Следовательно, введение частотной модуляции несущей ограничивает снизу шумовую полосу системы ФАП, что резко снижает чувствительность разведприемника.The frequency modulation of the reference oscillation is monitored by the phase response system similar to the Doppler frequency shift. Known [Digital phase synchronization systems. Ed. M.I. Zhodzishsky. M .: Sov. Radio, 1980, p. 166], that to track the change in the carrier frequency with a speed F ' _{d of} the second-order phase-first-phase-angle system

Therefore, the introduction of carrier frequency modulation limits the bottom noise band of the FAP system, which drastically reduces the sensitivity of the reconnaissance receiver.

Obviously, in the synchronism mode, in the absence of an information signal, the voltage at the input of the common-mode filter most of the time (when the phase of the quasi-noise carrier is within ± π / 2 will be positive. Computer simulation results confirm this conclusion. Figure 4a shows the voltage at the output of the common-mode channel in the absence of the information signal. The information symbols having a relatively large duration T _and will be allocated Kostas circuit correctly. 4B shows a filter output signal to inphase Nala and 4B - the output of the integrator with reset.

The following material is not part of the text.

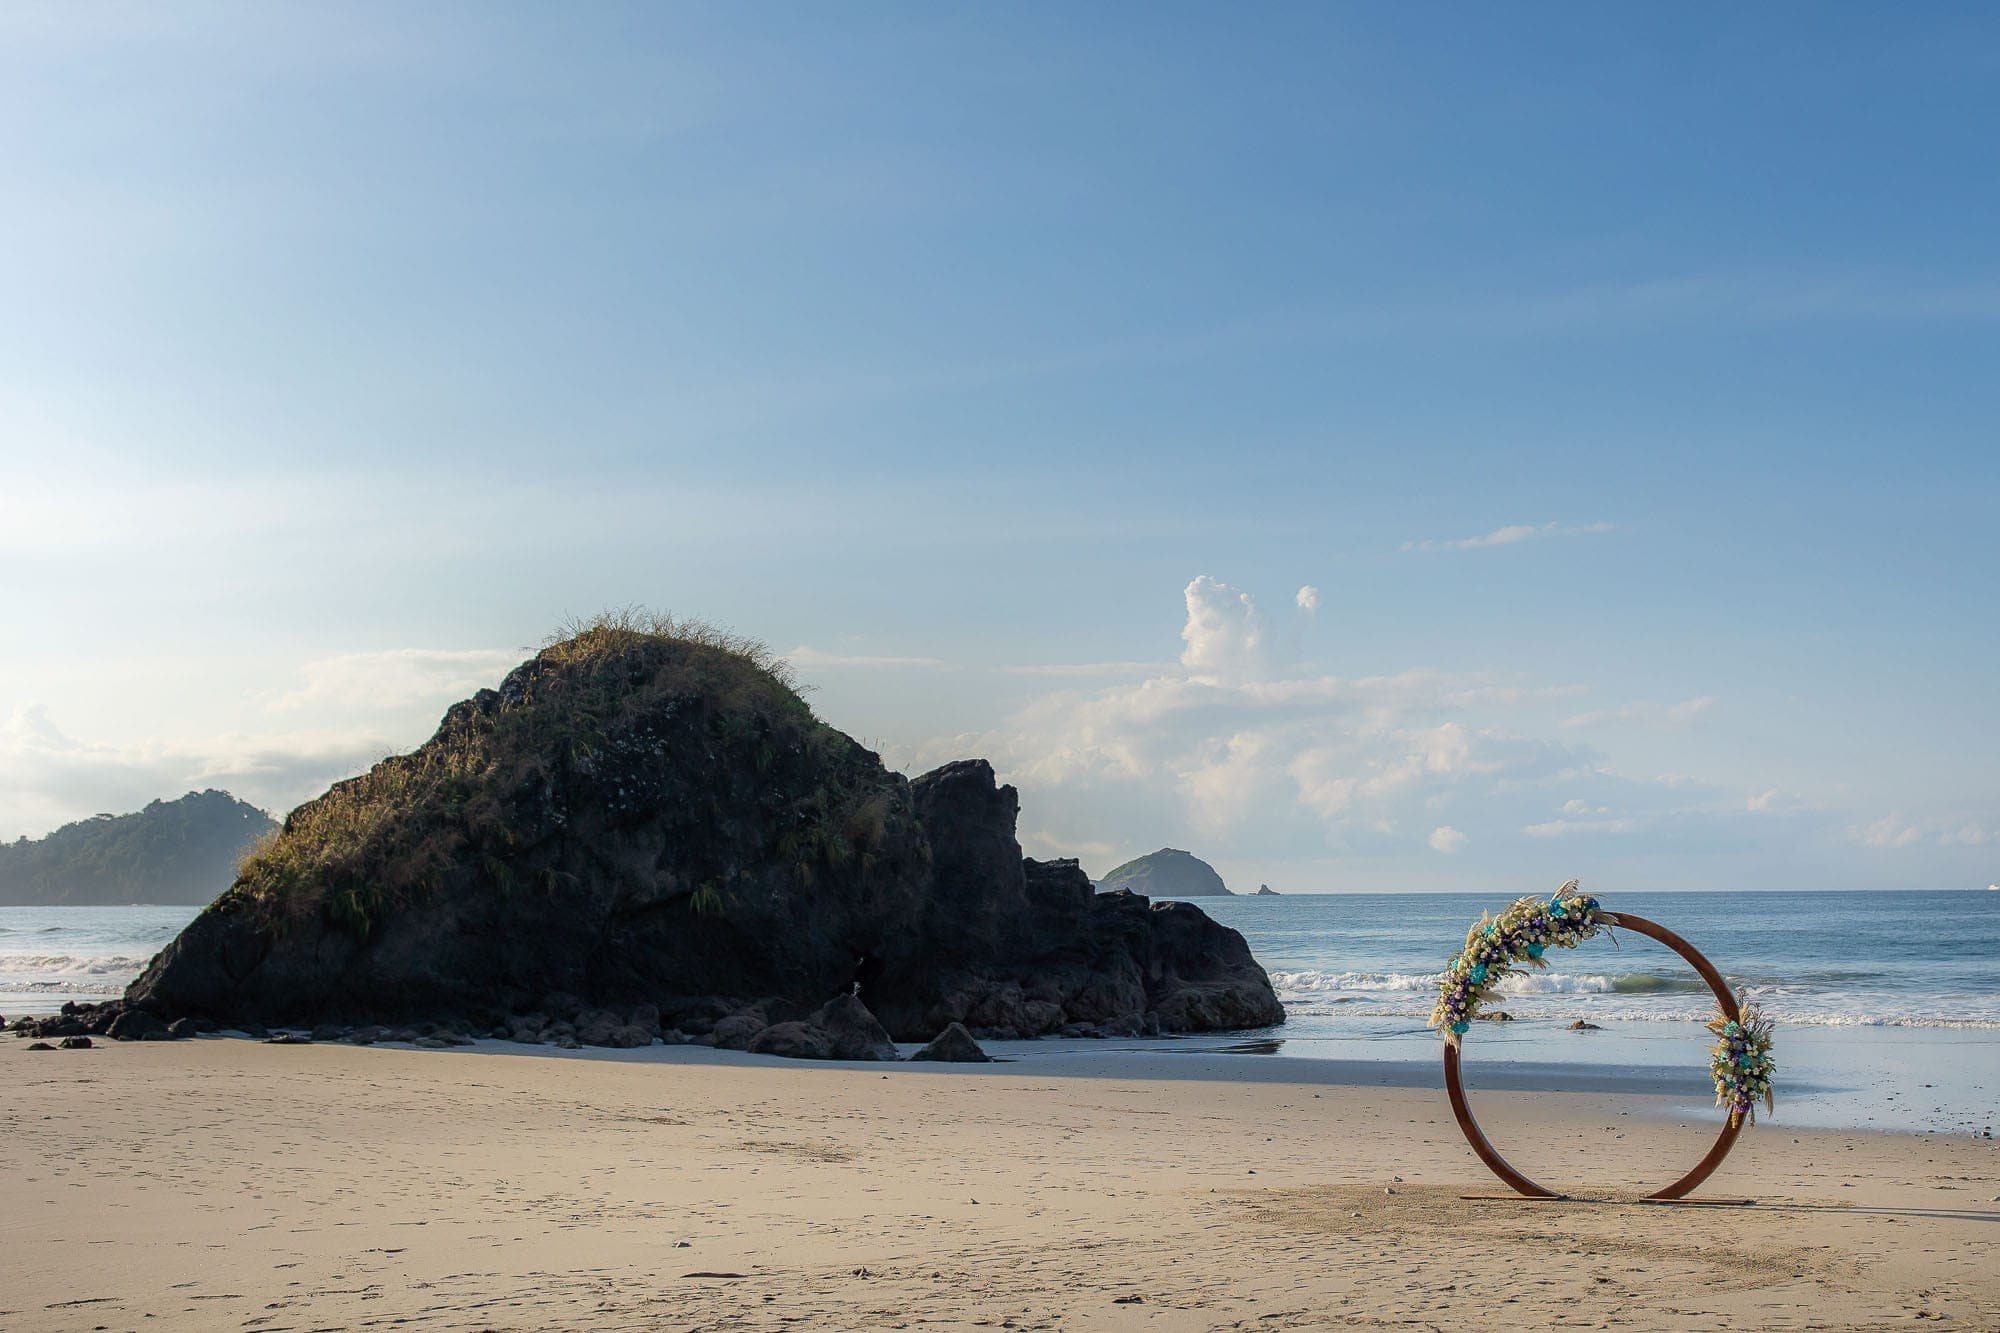 Circular arbor on the beach waiting for the wedding couple

 In a reconnaissance receiver constructed according to the Pistolkors scheme, when the frequency is doubled, the phase distribution function becomes uniform in the interval ± π, which indicates the absence of a spectral component at the doubled carrier frequency (Fig. 5). Thus, a sinusoidal carrier, even in the absence of manipulation, is not distinguished by a reconnaissance receiver constructed according to the Pistolkors scheme.

In an intelligence receiver constructed according to the Kostas scheme, an input SPSK operates at the input of this scheme without removing the SRP. The duration of the SRP element τ _{e is} much less than the duration of the information symbol T _and : τ _e ≪ T _and . The bandwidth of the channel filters of the Costas circuit of the reconnaissance receiver should be at least 1 / τ _e , i.e. the allocation of elements of the SRP in the reconnaissance receiver occurs at a much higher noise level than the allocation of information symbols in the receiver of our radio line. Therefore, the probability of error sharply increases when demodulating the elements of the SRP, especially at small values of the amplitude of the quasi-noise carrier (Fig. 4d, e). In Fig. 4e, asterisks mark erroneously received elements.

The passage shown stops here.